OTS feels like a symptom of deeply American addiction to growth: that we always have to keep pushing ourselves forward, no matter the costs, to feel some measure of success, some modicum of personal and societal gratification. It’s like turning all the worst late-stage capitalism work habits onto our bodies. It makes no sense, but it makes total sense. For a lot of us, it’s the only way to go about a thing, any thing — more is more is more. This posture not only sours activities we otherwise love, but also inflicts very real and long-lasting damage to our bodies.
With all of that acknowledged: right now, for me, that’s not what any of this feels like. For one, I’m certainly not getting faster, or winning anything, or even interested in knowing my pace save to keep to slow.
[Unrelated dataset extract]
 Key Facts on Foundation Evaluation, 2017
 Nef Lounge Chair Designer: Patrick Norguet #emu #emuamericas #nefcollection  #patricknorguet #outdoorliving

I also know there’s some sort of time limit on how long I’ll be able to do any or all of this, and it makes every run precious — and helps foster an appreciation for my body, a care for it, that I’ve never had before. Maybe this genre of awe is akin to what some people feel after giving birth. For the first time, I’m treating it as the remarkable assemblage of systems that it is: deserving of rest, and respect, and nourishment.
The wildest thing is that when I do that, I can actually, ultimately, run longer — and feel so much better post-run than I ever have before. It’s an ongoing revelation, really, and it’s not an accident that this switch has happened at the same time that I’m actively working to unlearn the fatphobia and workism that defined so much of my adolescent and adult life.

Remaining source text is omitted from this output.